Again the ER. Again the girl was unfolded on the table, dressed in a gown covered with blue fish. Two more days—making five—without much sustenance and only thimblefuls of Kool-Aid.
This time we were simmering. We pleaded our case to the receptionist and still hung five hours for someone from surgery. The surgeon arrived, ducking in for a few minutes between her own patients. She proposed a pelvic and rectal exam to get a better look inside, deliberate probing for sensitivity. If the appendix lies entirely within the pelvis, there’s often complete absence of abdominal rigidity, so her investigation was shamelessly thorough. I asked if my daughter might need privacy, turned abruptly to leave, only to have the surgeon grab my arm and order my return. “She needs her mother right now. Please.”
But the patient was underresponsive, except to the indignity of it all. Or she w
as holding it in, holding out for a lesser diagnosis. I too edged into denial that anything more serious than flu was at hand. After all, that first doctor with the unpronounceable name, hadn’t he confirmed it two days earlier? The flu. Could we go home now?
Another two-hour wait and finally, by ultrasound, the appendix was sighted, tucked behind her uterus. It was indeed ruptured, flailing like a snipped hose, spreading little pellets of excrement into her gut. The patient was whisked into surgery, promised she would be sleeping like she’d never slept before. There followed an uneventful forty-eight hours blessed by on-demand morphine and as many popsicles as she wanted. She was only thirteen. The other food she craved was French fries, which of course were verboten.
In 2006, a graphic designer from the United Kingdom named Orlagh O’Brien conducted a survey she called Emotionally} Vague.
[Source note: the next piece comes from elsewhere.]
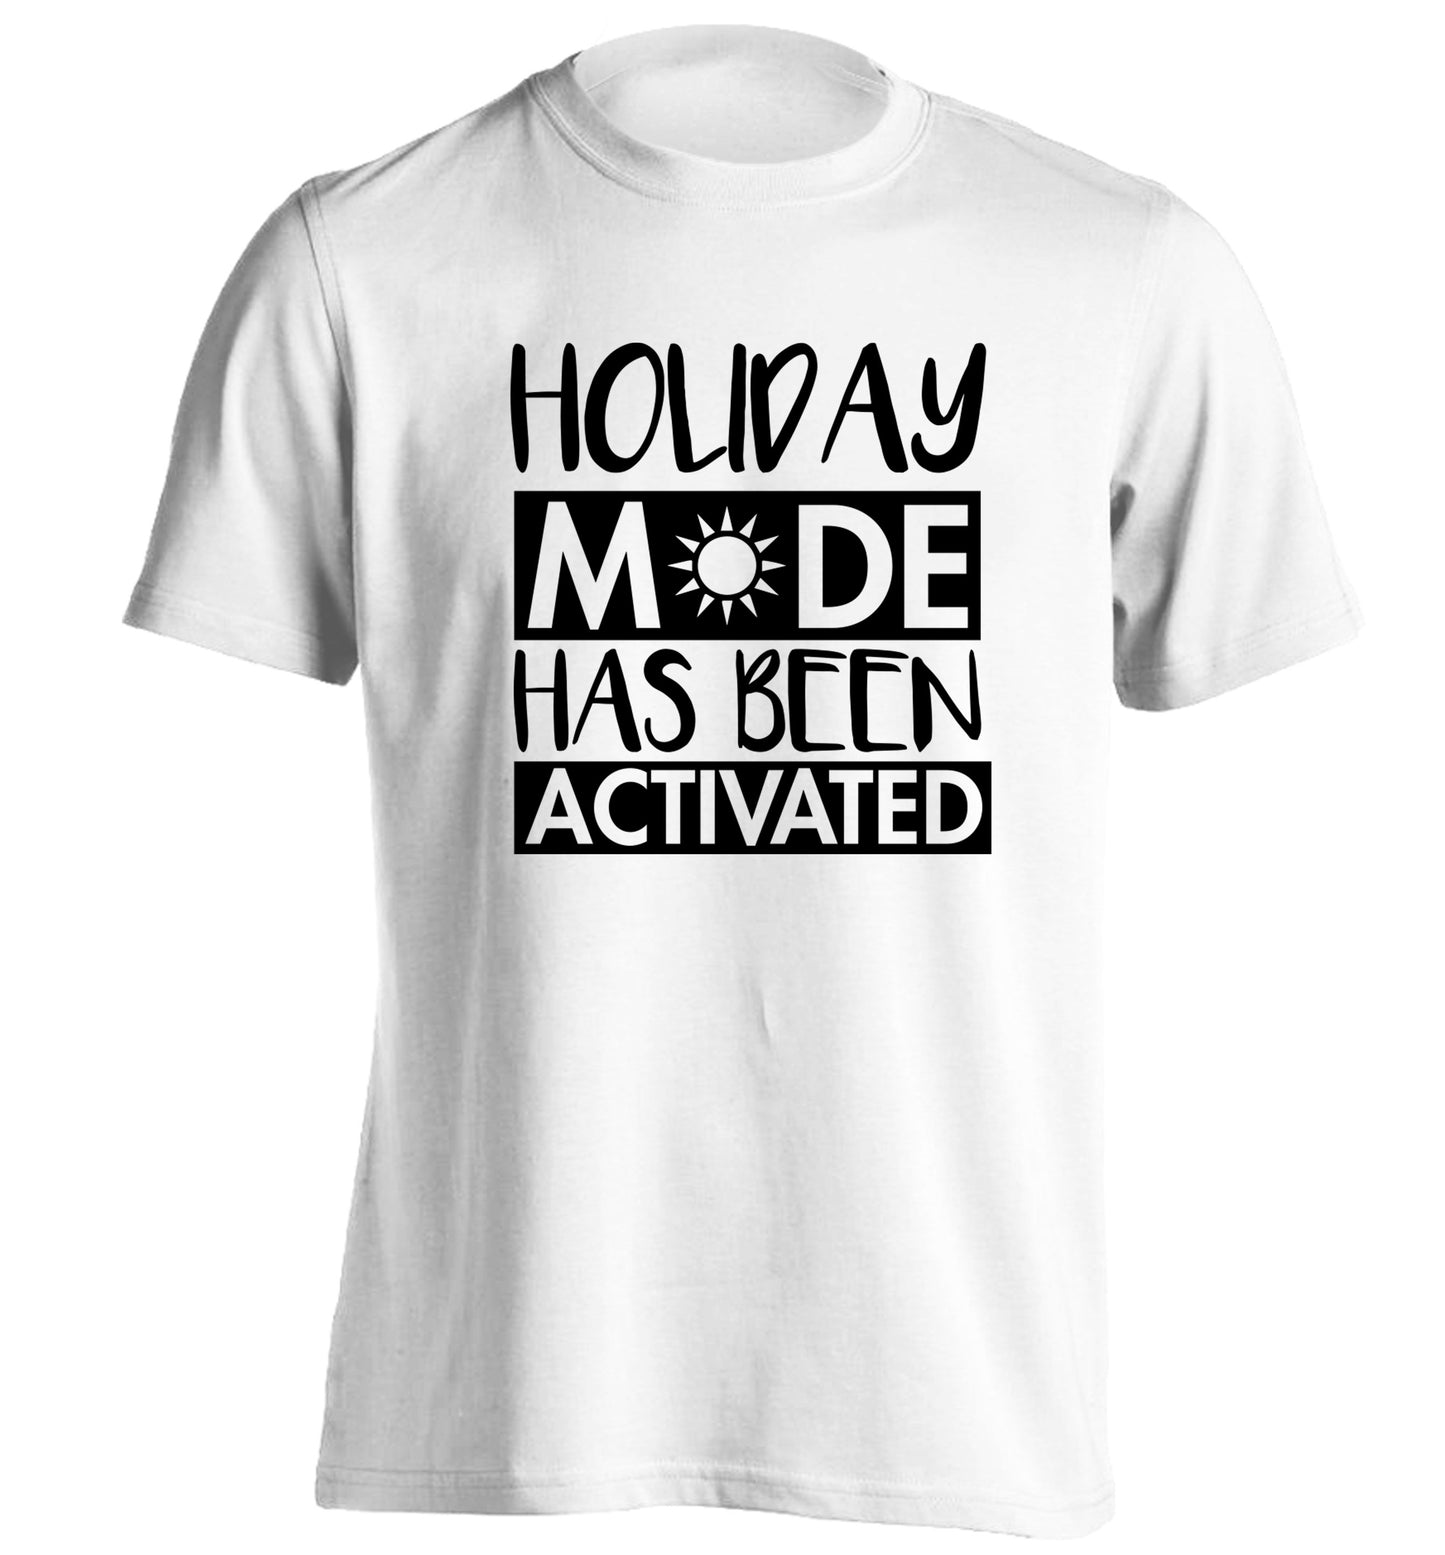 Holiday mode has been activated adults unisex white Tshirt 2XL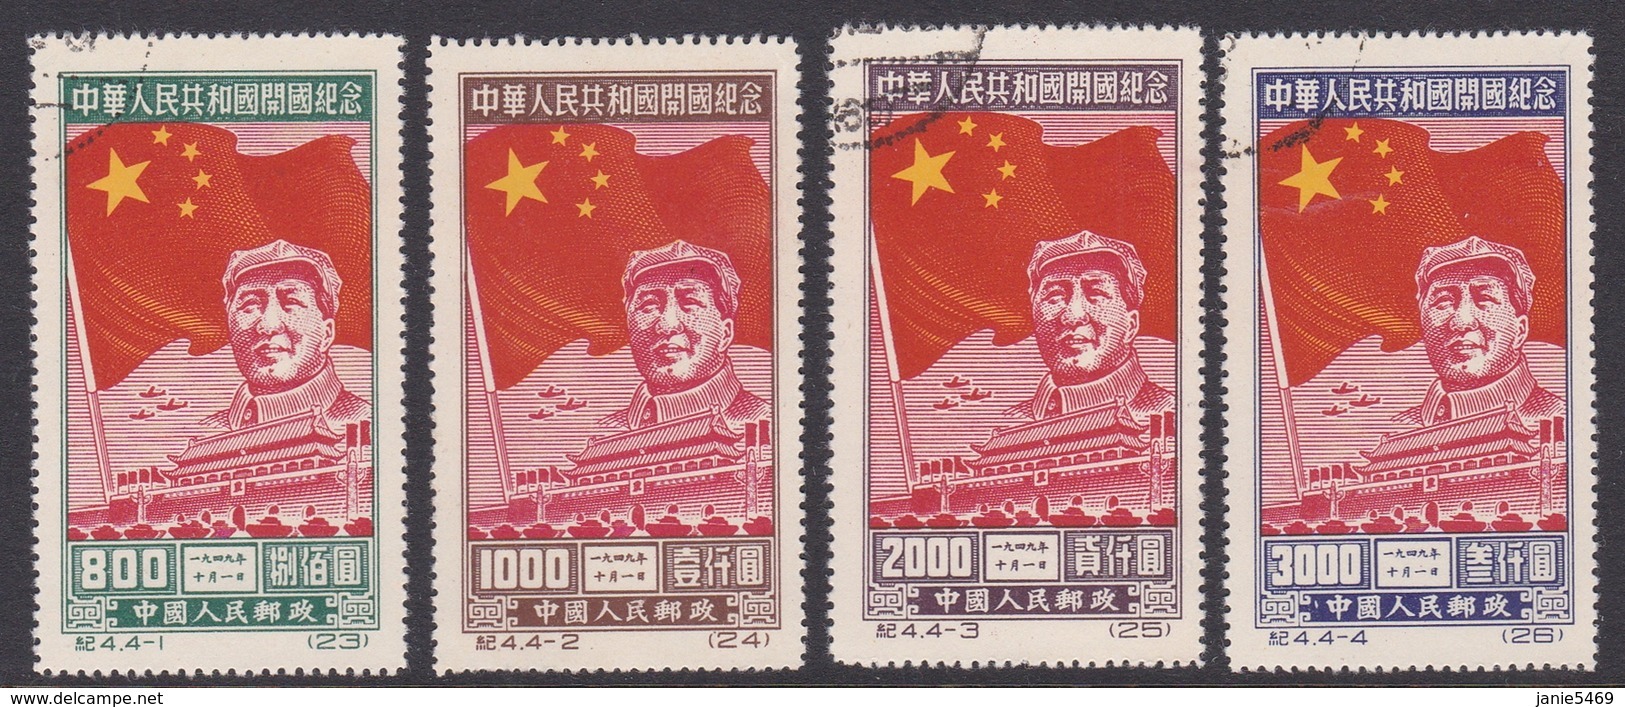 China People's Republic SG 1432-1435 1950 Mao Tse Tung, Used, Reprints - Used Stamps

The aim was to create a graphic or visual representation for each of five emotions: anger, joy, fear, sadness, and love. Two hundred and fifty men and women from over thirty-five countries between the ages of six and seventy-five responded. The sample was a mix of friends, their friends, colleagues, and strangers.
Q1: What makes you feel this emotion (let’s say “fear”)? Write it down.
After articles and prepositions, abstractions topped the list: “being,” “death,” “alone,” “heights,” “people,” “dark,” “darkness,” “control,” and so on. O’Brien arranged them into a stack, a box of words, with the most common in black, fading down to the least common in light silver: “spaces,” “unfamiliar,” “past,” “think,” “war.” Where were the specifics? The rusty nails, dysplastic cells, rotten eyeteeth, and wandering eyes? I half expected the list to work like a microscope, from general to particular, group to individual, but most of us, even the solitary fearful soul, never get beyond the broadest description. Language was a soft, floppy tool for this group trying hard to communicate what it felt. The result was like a fading Beckett monologue.